А дед Никита, закуривая трубочку, сказал, ласково улыбнувшись:
— Да, силачи в нашей стороне еще не вывелись. Да вот я вам без хвастовства. Я медвежатник, много медведушек-батюшек посвежевал в тайге. И вот был случай. Себя испытать хотел. Встретился с медведем один на один. Всплыл он на дыбы, матерущий, страшный, ну чисто конь, да на меня. Я рогатину насторожил, жду милого дружка. Он подшагал ко мне да как рявкнет! А я на него еще громче рявкнул. Он остановился, нюх-нюх носом да опять как рявкнет пуще прежнего. А я воззрился на него да как гаркну самó громко! Вот этак стоим да рявкаем друг на друга, пытаемся один другого устрашить. И что бы вы думали? Когда я рявкнул на медведя со всех сил, он уши поджал, опустился на четыре лапы, да ходу, ходу от меня. И понос его прошиб, кишка сдала. Вот ребята, и человека и зверя не только силой, а и страхом можно в бегство обратить. Так в аккурат и на войне. Точь-в-точь…
Старик замолк. Красноармейцы недоверчиво перемигнулись, посмеялись.
— А ну-ка, дедушка, еще чего-нибудь. Ты человек бывалый.
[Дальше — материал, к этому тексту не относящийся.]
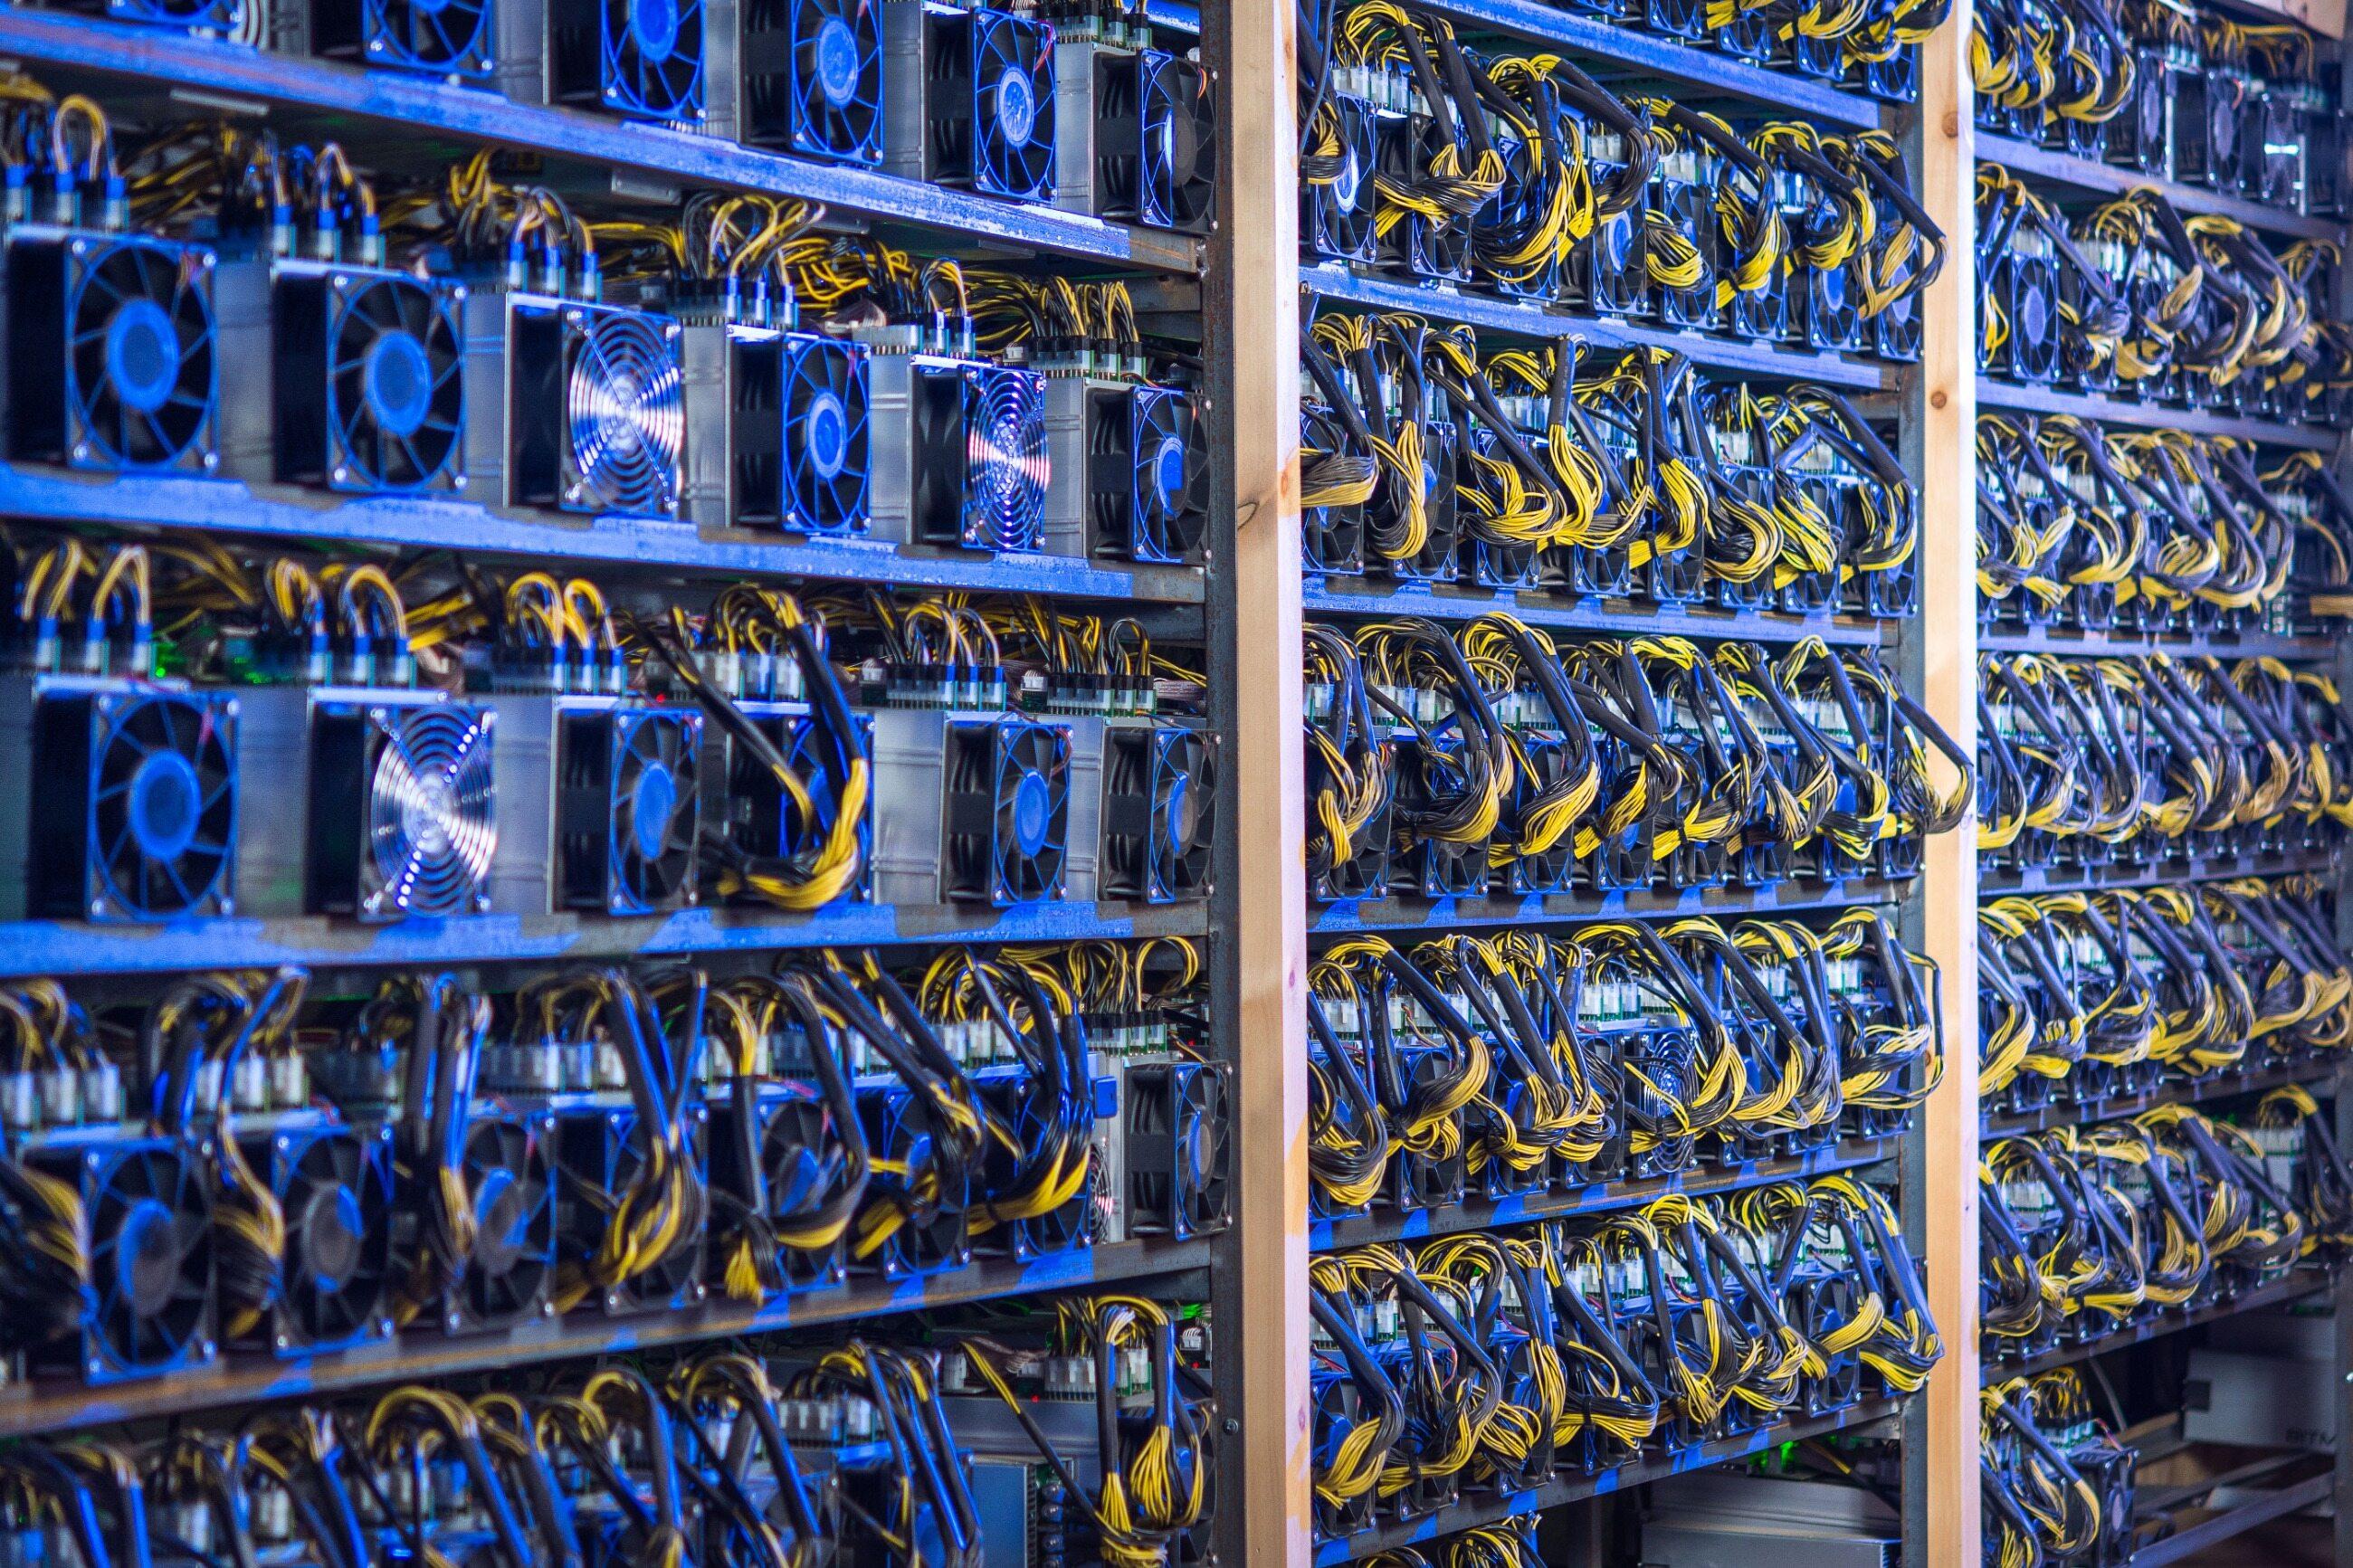 inwestycja w kopalnie bitcoin btc shorts bitfinex tradingview
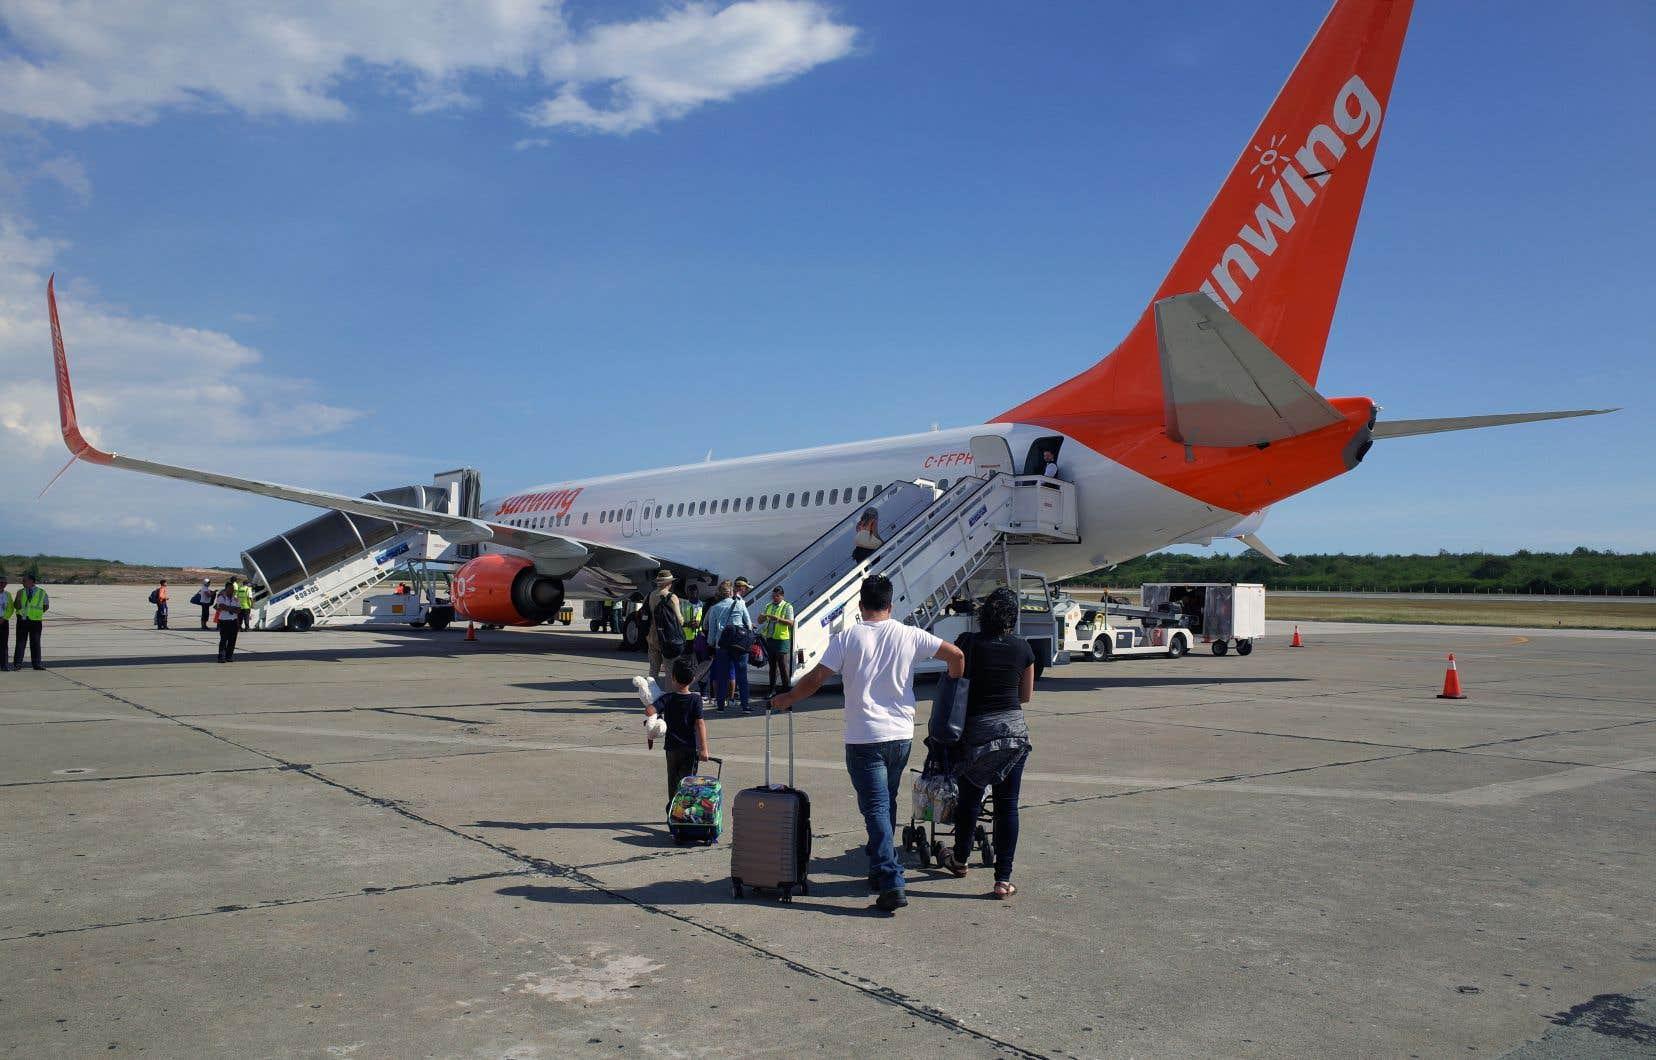 La flotte de Sunwing sera entièrement composée de Boeing 737-800 (photo), l'entreprise ayant retiré de l'horaire hivernal tous ses Boeing 737 MAX.

— Бывалый-то бывалый, — согласился дед. — И вот, ребята, имейте в виду: на войне допрежь всего на врага озлиться надо, лютость в сердце чтоб жила. Да вот вам слушайте! Как-то у нас, это еще в далекое время было, в селе съезжий праздник начался, чужих парней много понаехало. Напились, драться стали. Возле церкви на горе войнишка идет у них, пластаются стенка на стенку, человек по полсотни с каждой стороны. А мы, мужики, на завалине под рябинами сидим, разговоры разговариваем, балакаем. Глядь-поглядь: выскочил из соседней избы да шасть к нашей беседе парень пьяненький, Кешка. Силач, верзила, а в обыкновенной жизни — что твой теленок, кроткий, незлобивый. Кричит мне: «Дядя Никита, дай мне по морде со всех сил!» — «Нет, не дам, — отвечаю, — ты мне худа никакого не сделал».
А он: «Дай, тебе говорят! А то я шибко смирный, а мне беспременно озлиться надо: нешто не понимаешь — наших бьют…»
Видит, что я не в согласье, он к другому, он к третьему, — нет, никто не желает обижать его, уж очень хорош парень-то. Он к Силантию, даром, что его не любил. «Дядя Силантий, ну хоть ты дай мне в морду самосильно, в ножки поклонюсь тебе. Ну дай, ну дай, ради Христа!»
А Силантий рад, встал, развернулся, хрясь парня в ухо.
Кешка едва устоял, крикнул: «Ну, спасибо тебе, дядя Силантий, хорошего леща дал мне, спасибо!.. Теперича я в ярь вошел, теперича воевать могу!.. Всем башки сверну да на березы закину!»
Тут Кешка наш плюнул в горсть, выпучил глаза да к войнишке ходу. Всех погнал там, всех побил. Вот вам… Раскусите-ка, ребята, сказ-то мой.
— Больше чем наполовину раскусили, дедушка, — весело посмеивались красноармейцы, посматривая на белобородого Никиту.